BEGIN
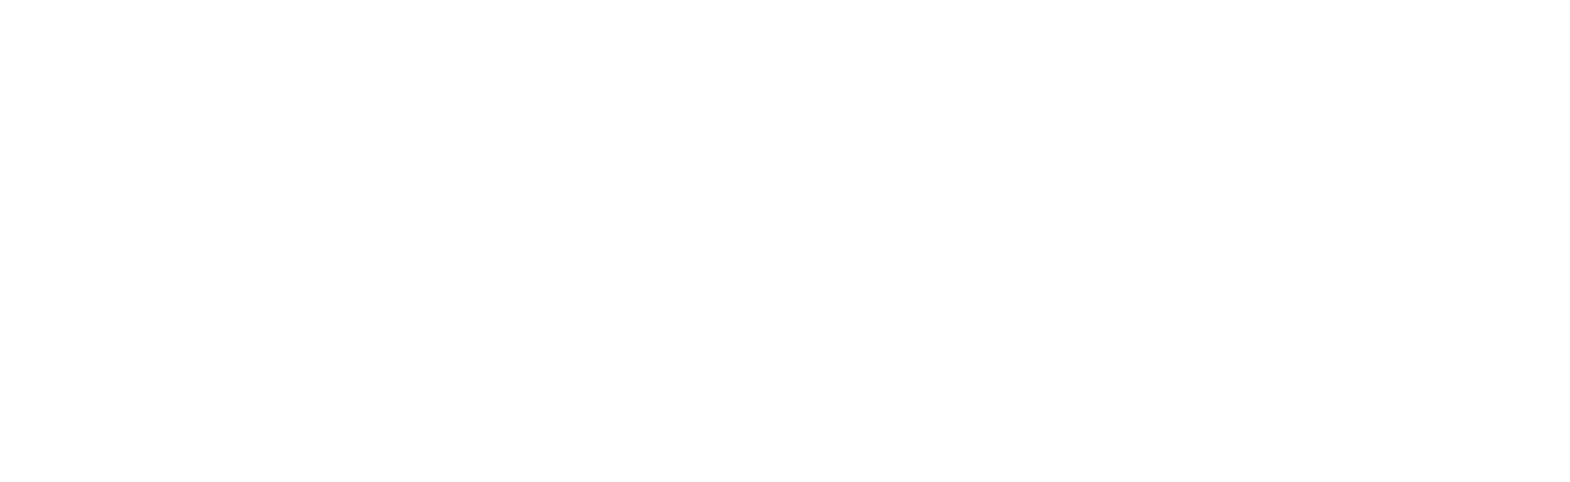 Campus Motorsport Hannover
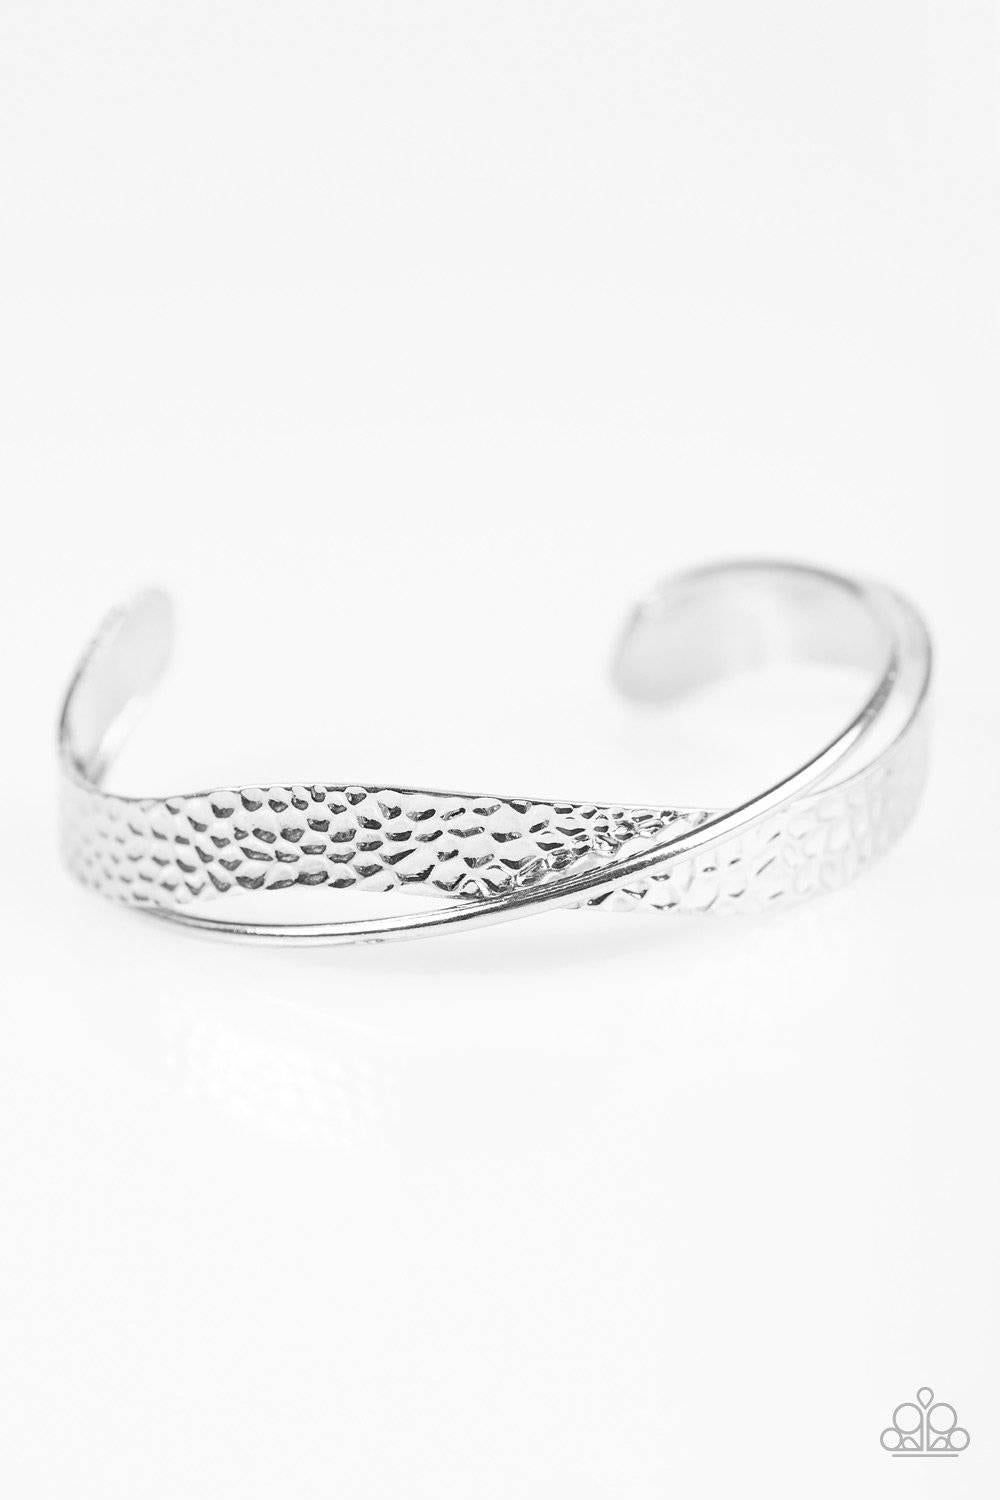 Wandering Waves - Silver Cuff Bracelet - Paparazzi Accessories - GlaMarous Titi Jewels
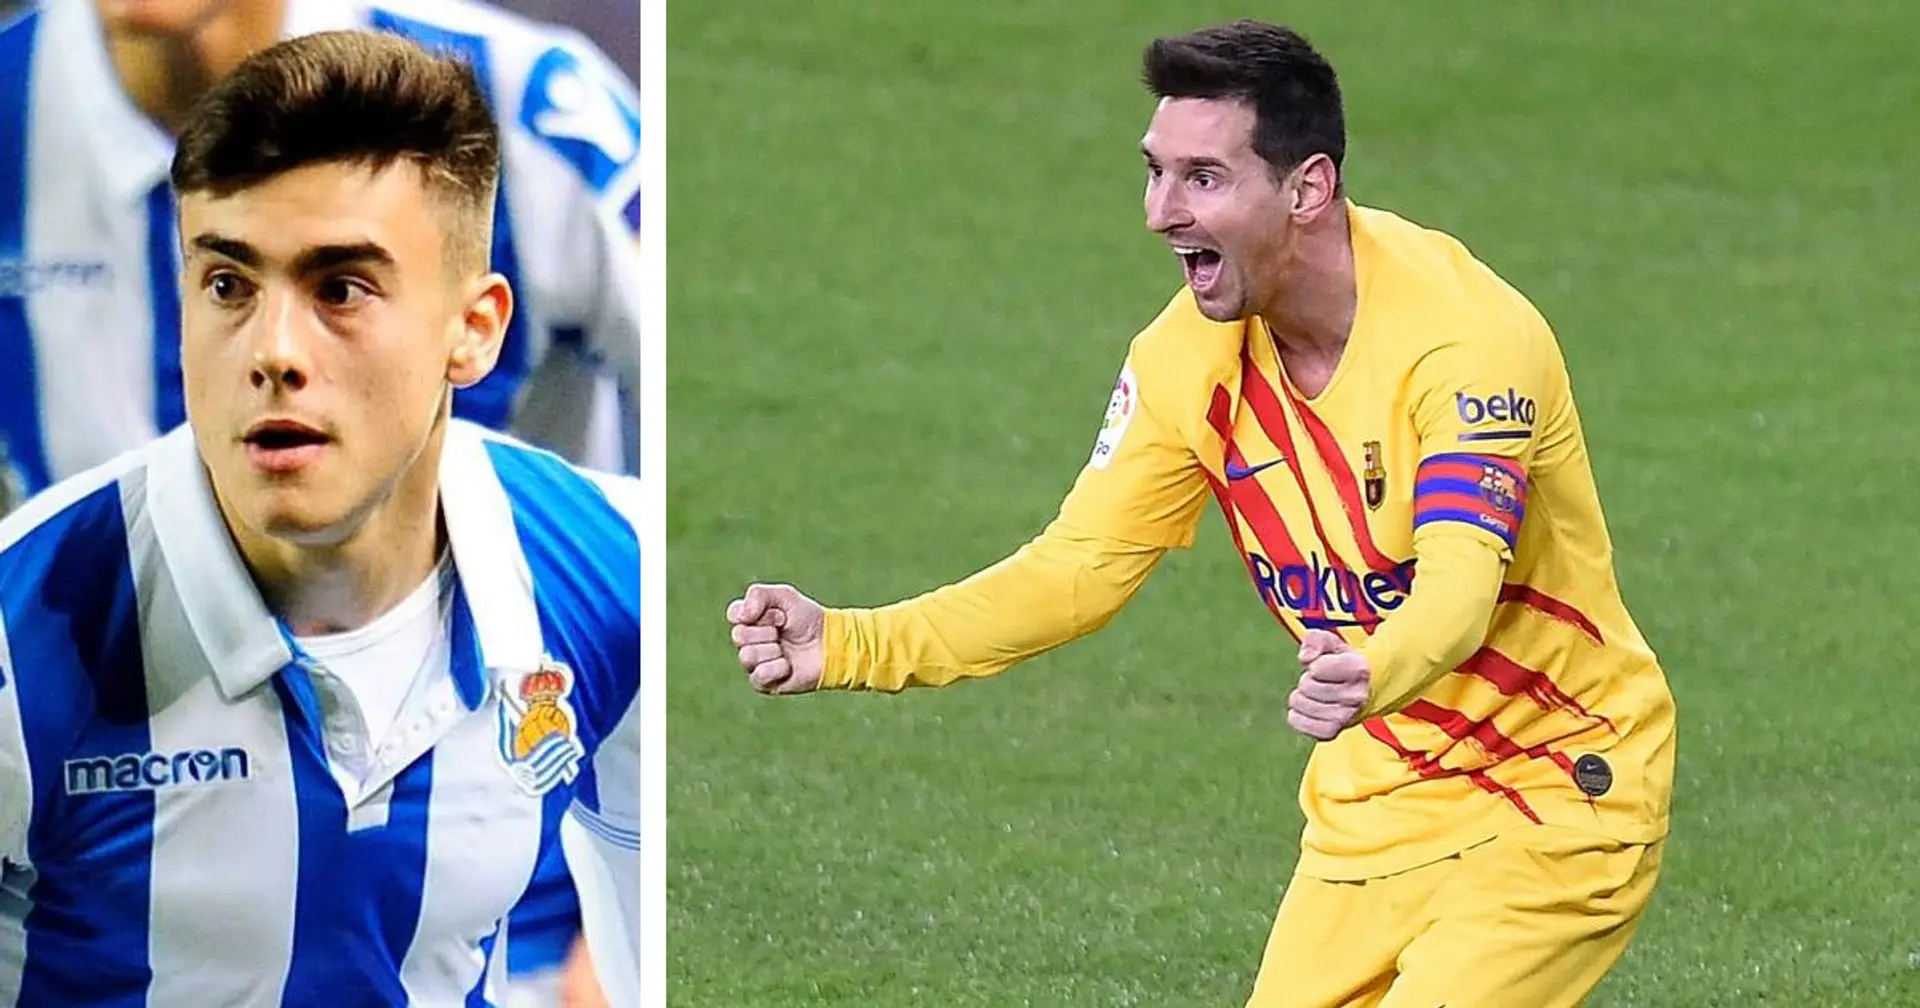 L'attaquant de la Real Sociedad Barrenetxea: ''Je pense que c'est une blague lorsqu'ils disent que Messi est fini, c'est absurde"
END
### [EXERCISE REQUIREMENTS]
Your copy should hold all the data word for word. It should hold no pictures.

### [TASK SOLUTION]
 Campus Motorsport Hannover
 Wandering Waves - Silver Cuff Bracelet - Paparazzi Accessories - GlaMarous Titi Jewels
 L'attaquant de la Real Sociedad Barrenetxea: ''Je pense que c'est une blague lorsqu'ils disent que Messi est fini, c'est absurde"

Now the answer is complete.